Women on both sides of the border have borne the brunt of NAFTA
In the two
years since the implementation of NAFTA, the circumstances of workers, farmers and women, as well as environmental conditions, in Mexico and the United States have deteriorated, says a study released December 20 by non- governmental organizations in both countries.
"The evidence shows that, instead of engendering sustainable development, NAFTA is leading our countries down a path of increasing inequality and environmental destruction," said Karen Hansen-Kuhn of The Development GAP, which issued the report along with Equipo PUEBLO and the Institute for Policy Studies (IPS).
The study, "No Laughter in NAFTA," reports that NAFTA-related job losses in the United States doubled in 1995. Unemployment also doubled in Mexico between September 1994 and September 1995, and the purchasing power of the average Mexican wage fell by 54 percent.
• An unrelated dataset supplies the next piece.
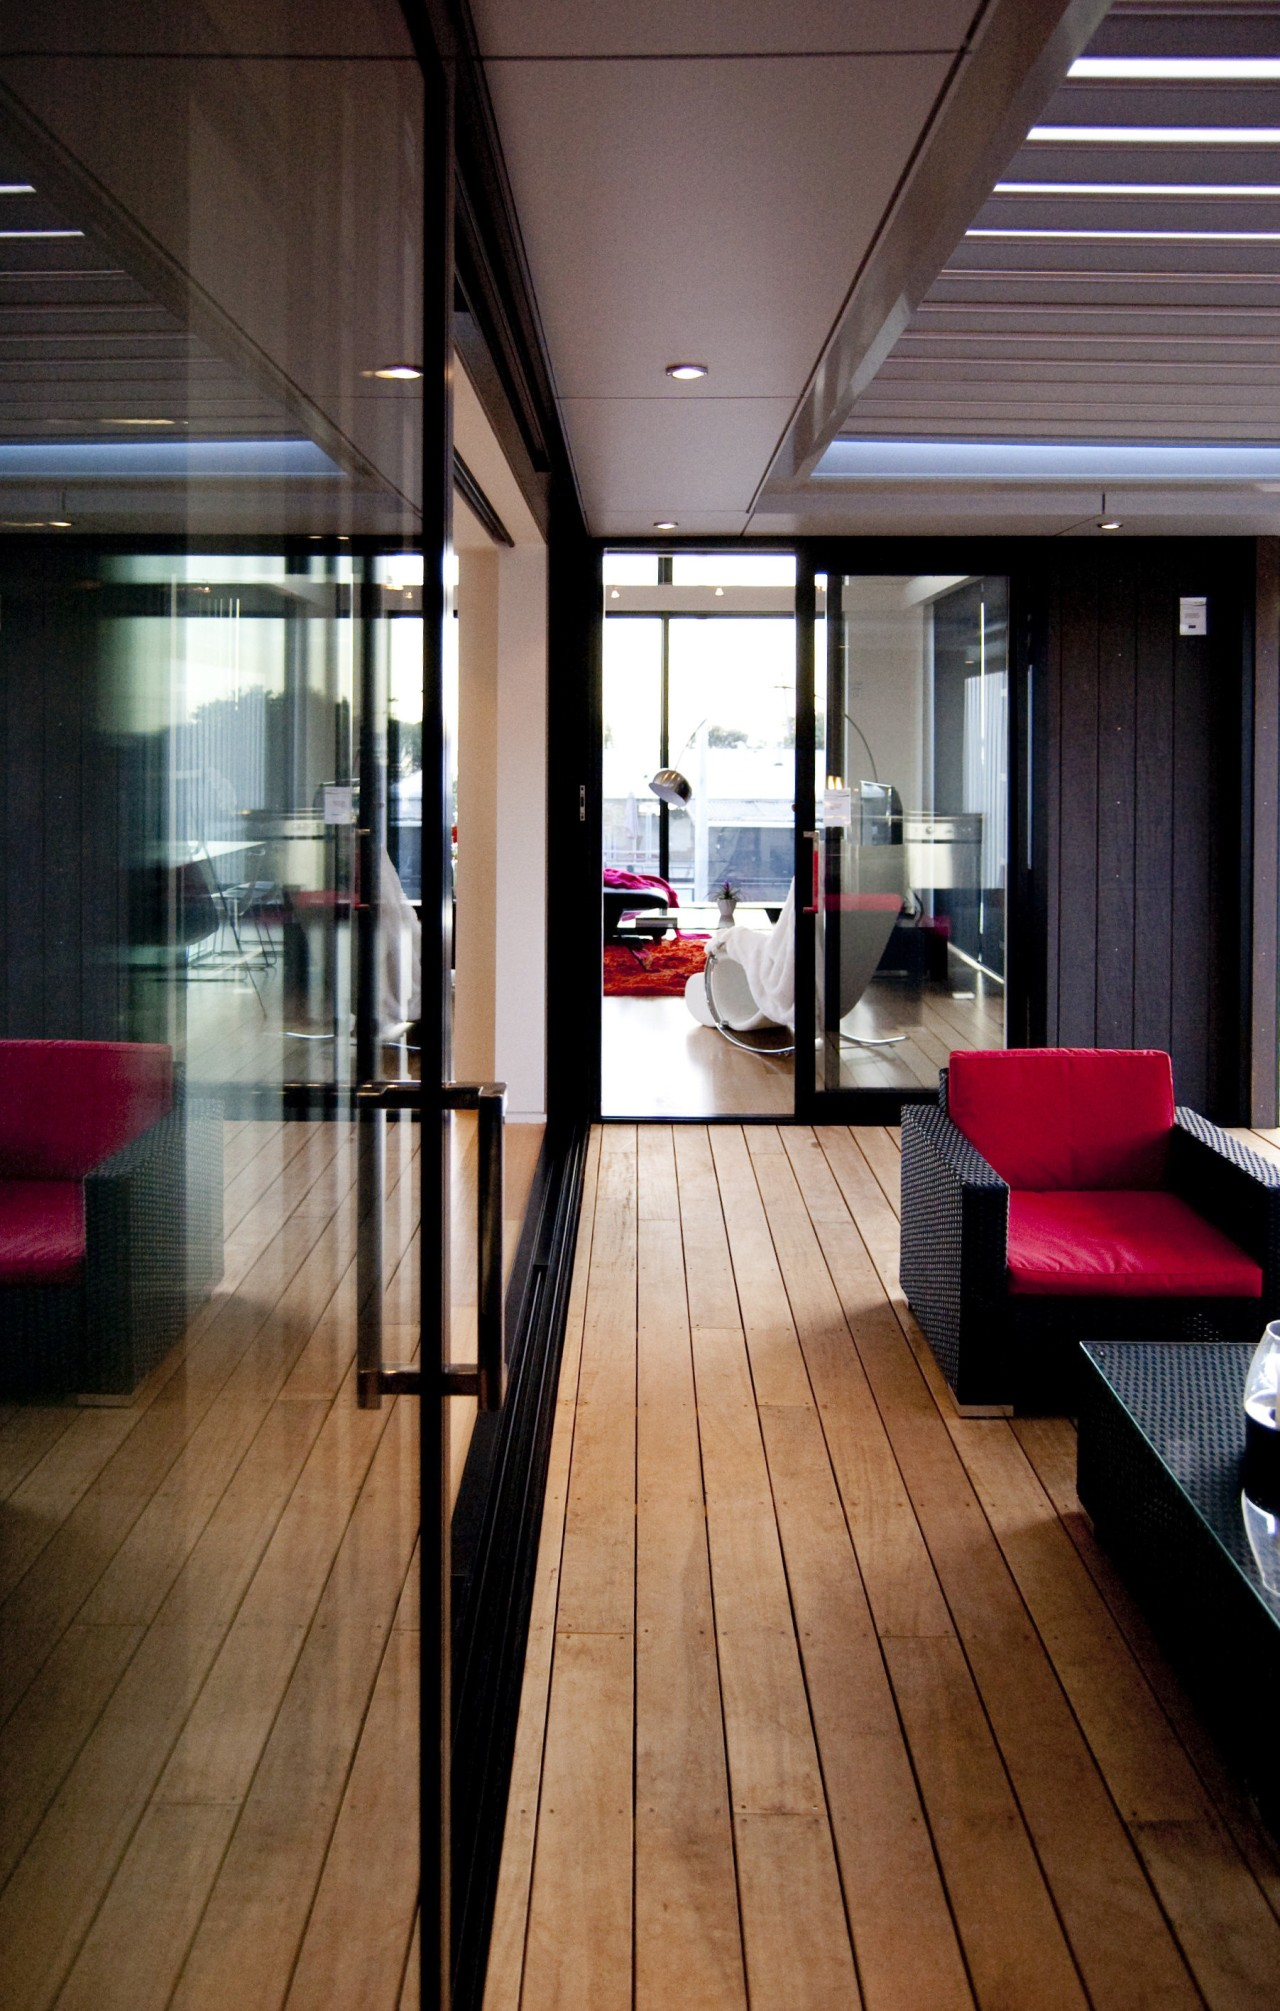 Interior view of this contemporary home apartment, architecture, floor, flooring, hardwood, house, interior design, window, wood, wood flooring, black

At least 334 U.S. firms have moved to Mexico, many in highly polluting industries, the study said.
Rural communities in both countries are suffering under NAFTA, according to the report. Mexican production of basic grains has fallen over the past two years as the market is flooded with grain imports from the U.S.. In the United States, nearly 40 percent of NAFTA-related layoffs have been in rural communities, particularly in low-wage manufacturing.
The study documents the fact that women on both sides of the border have borne the brunt of NAFTA. In the United States, the largest number of NAFTA- related layoffs has been in the electronics and apparel industries, both of which employ high numbers of women. In Mexico, the booming "maquiladora" assembly plants along the border prefer to employ women because they are paid less and are perceived as more submissive.
"The beneficiaries of NAFTA are the large U.S. corporations that take advantage of cheap labor," said Sarah Anderson of IPS, "while the people NAFTA was supposed to help, North American workers, are worse off because of the treaty."
"As a result, neither the Democratic White House nor the Republican leadership in Congress, both of which promoted NAFTA, will likely raise it as an issue in the upcoming election year, much less advocate for its extension to other countries," said Anderson.
"The situation is much the same in Mexico, where NAFTA has come to symbolize the now thoroughly discredited administration of former President Carlos Salinas," said Carlos Heredia of Equipo PUEBLO. "Here in Mexico, NAFTA is such an embarrassing subject that President Zedillo never mentions it."
The authors of "No Laughter in NAFTA," part of a broad-based network of North American citizens' organizations that had designed and advocated a fundamentally different approach to continental development during the NAFTA negotiations, urge a rapid shift in policy before NAFTA's negative effects are compounded. "Since NAFTA is failing to achieve its goals and fulfill promises," they conclude, "the peoples of all three countries and their elected officials should jettison the accord and reexamine the rules and principles for a more democratic framework of integration."